Top of SUPPLIED MATERIAL
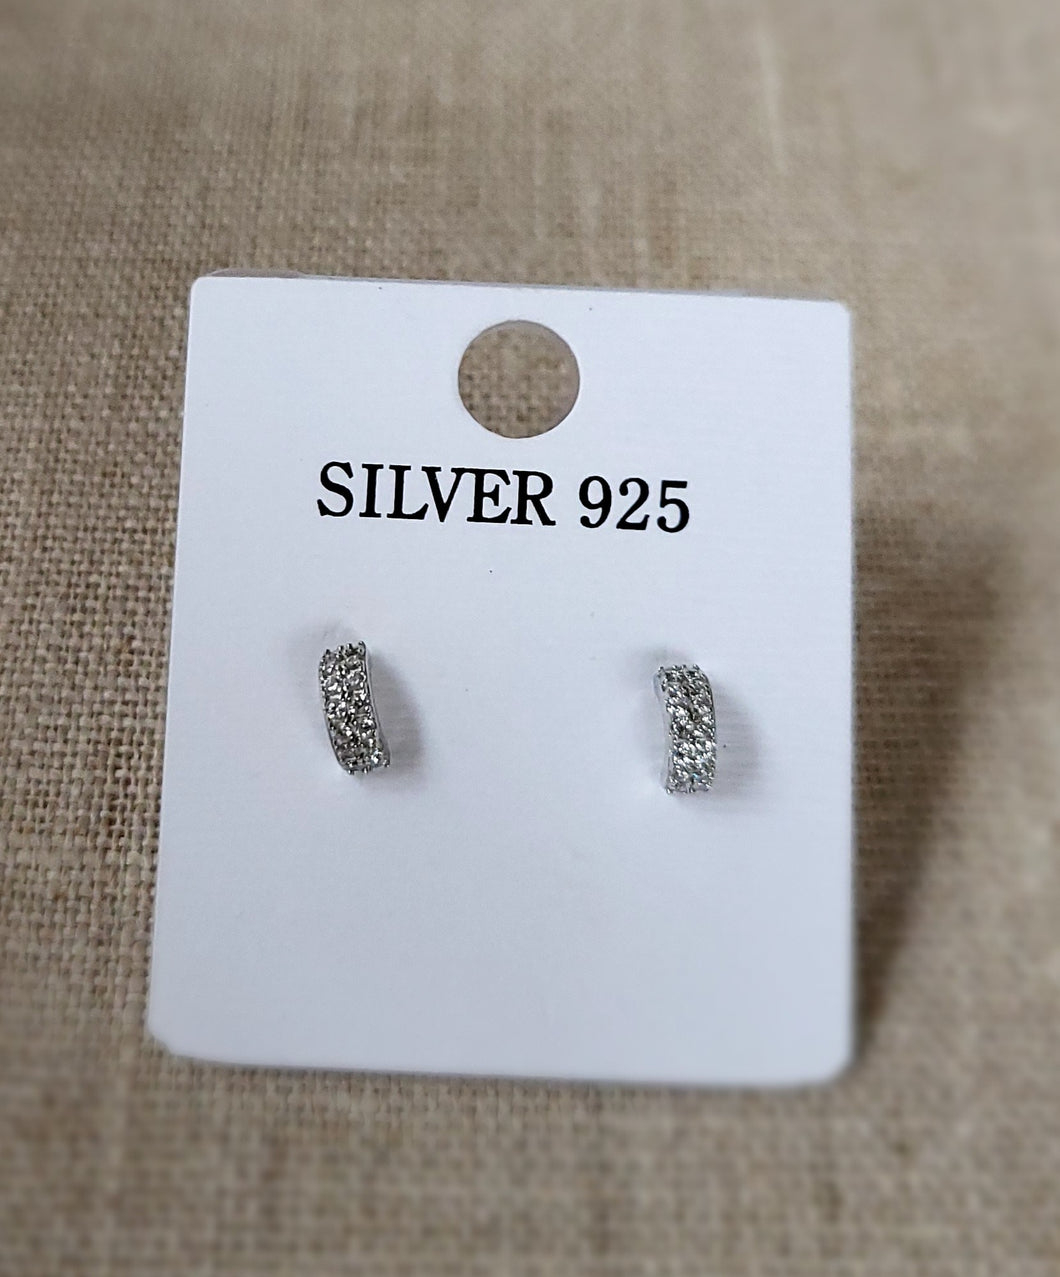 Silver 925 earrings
Bottom of SUPPLIED MATERIAL
Top of SUPPLIED MATERIAL
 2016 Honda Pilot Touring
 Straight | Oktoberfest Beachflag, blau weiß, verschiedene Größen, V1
Bottom of SUPPLIED MATERIAL
**WHAT IS NEEDED**
Go through the listing above and write out exactly the lines starting with the one holding "2016 Honda Pilot Touring" and running through the one holding "Straight | Oktoberfest", ends included, and no others.

**RESULT OF THE TASK**
 2016 Honda Pilot Touring
 Straight | Oktoberfest Beachflag, blau weiß, verschiedene Größen, V1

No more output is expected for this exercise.